God gave the instructions for the covenant. Abram was to slaughter 3 animals and divide their bodies in half. Two birds were also to be sacrificed as part of the covenant ceremony. The animals and birds were to be arranged so that the covenant participants could pass between them. This would indicate that the covenant into which they were entering would be a matter of life and death.


But then there was a delay before the covenant was completed. The delay was so long that Abram had to drive away some birds of prey that were trying to consume part of the sacrificial animals. The delay lasted even until the end of the day when the exhausted Abram fell into a deep and troubling sleep. It seems as if God was using this pause to teach Abram that before the covenant promises would be fulfilled, there would be a “pause” when his family would not be living in the promised land of Canaan.


  1. In Genesis 15:13-14 what future historical “pause” was God revealing to Abram concerning his family’s occupation of the land of Canaan?


God wanted Abram and all of us to know that this “pause” in the occupation of Canaan was not a surprise to the Lord and would not invalidate the covenant that was being made. God would indeed give this land to Abram’s family.


  1. What comforting announcement did God make to Abram regarding his personal future in the land of Canaan (verse 15)?
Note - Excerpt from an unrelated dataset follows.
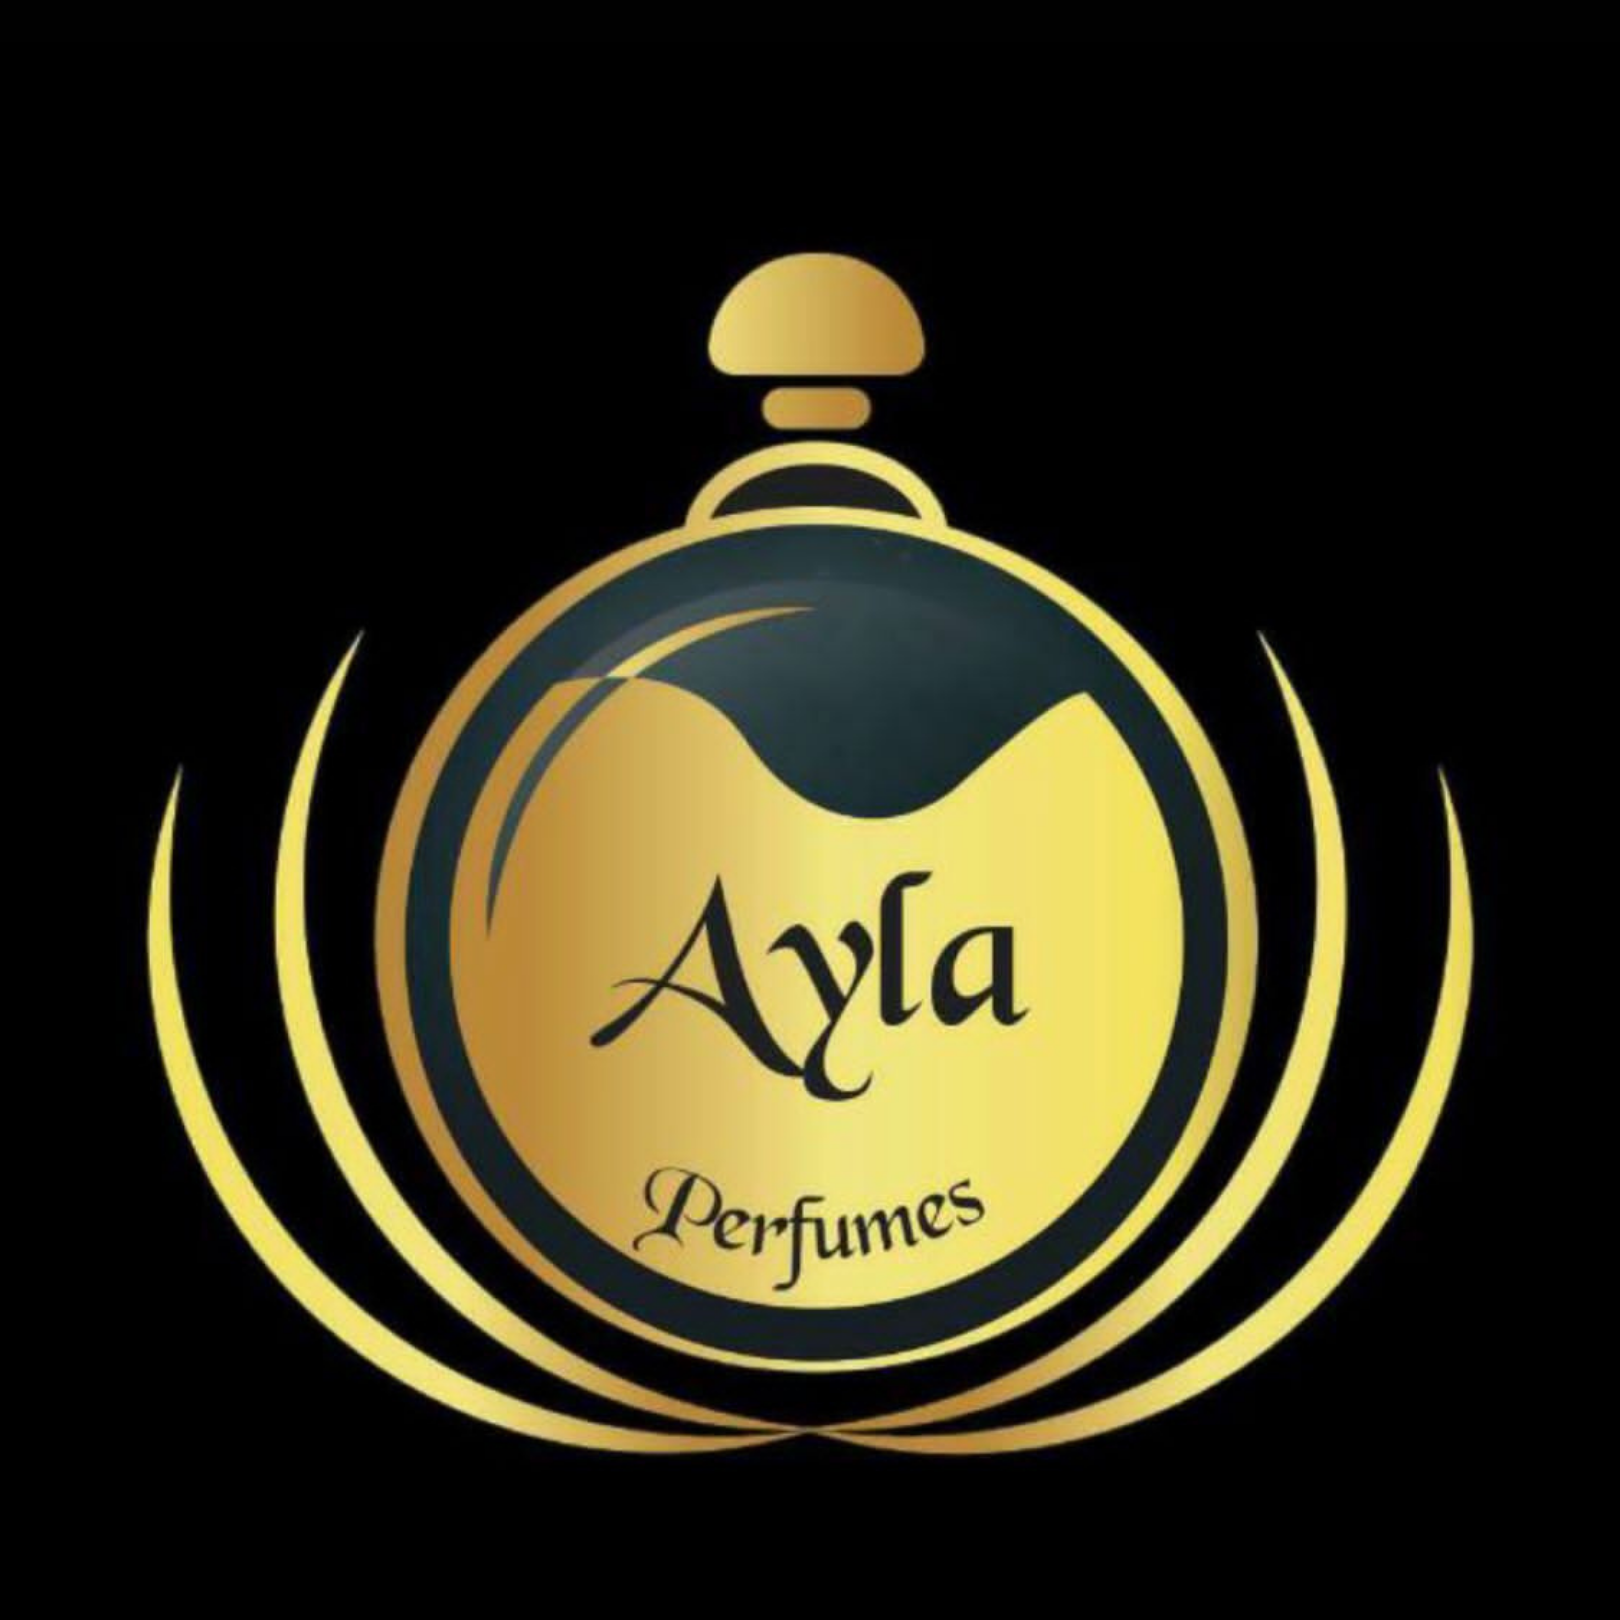 Ayla Perfumes Importados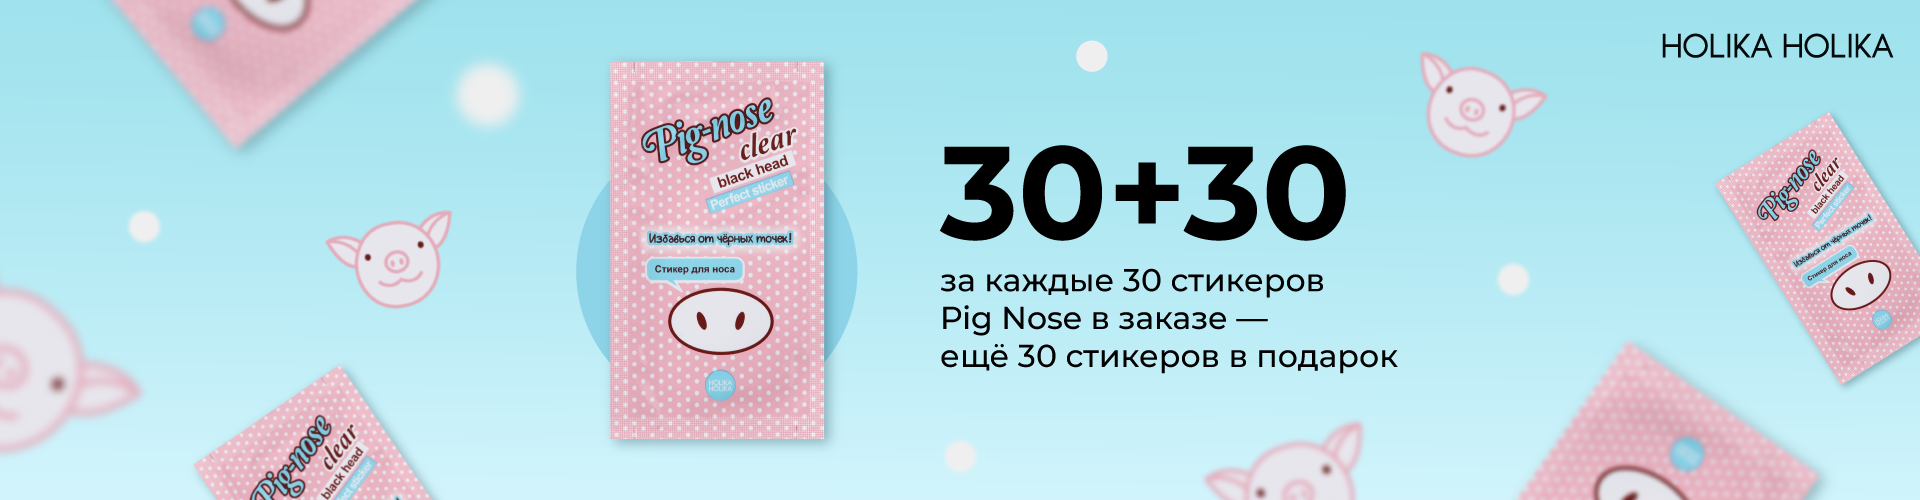 Акция 30+30 на стикеры Pig Nose: за каждые 30 стикеров в заказе 30 стикеров в подарок

  2. In verse 16 the Lord told Abram that the delay in possessing the land of Canaan would take place because “the sin of the Amorites has not yet reached its full measure” (Genesis 15:16). Who are the Amorites? What does it mean that their sin has “not yet reached its full measure”?


Finally, after a long pause and the darkness of night had fallen, God completed the covenant ritual with Abram. A smoking firepot with a blazing torch appeared and passed between the animal parts.


  1. What was the significance of this firepot and blazing torch that passed between the severed animal parts? (v. 17)


    We notice that Abram did not speak or promise anything or walk between the animal parts, but only the Lord. Why? Because this covenant promise was the work of the Lord. Only the Lord could make the promise and only the Lord could keep it. God was binding himself to keep this promise so that Abram would be sure that this promise would be kept. Yes, there would be a pause when the Hebrews lived in Egypt, but the land would be given to Abram and his descendants because this was the place that the Lord had chosen to bring the Messiah into the world. When Christ would come, he would have a place – this land of Canaan. God binds himself to do what he had promised.


    God’s promises to Abram included both a nation and a land. In this chapter God worked to strengthen Abram’s faith in the promise of a land. In the next chapter, God will work to strengthen Abram’s faith in the promise of a nation, a promise that seemed more and more impossible as the years passed by.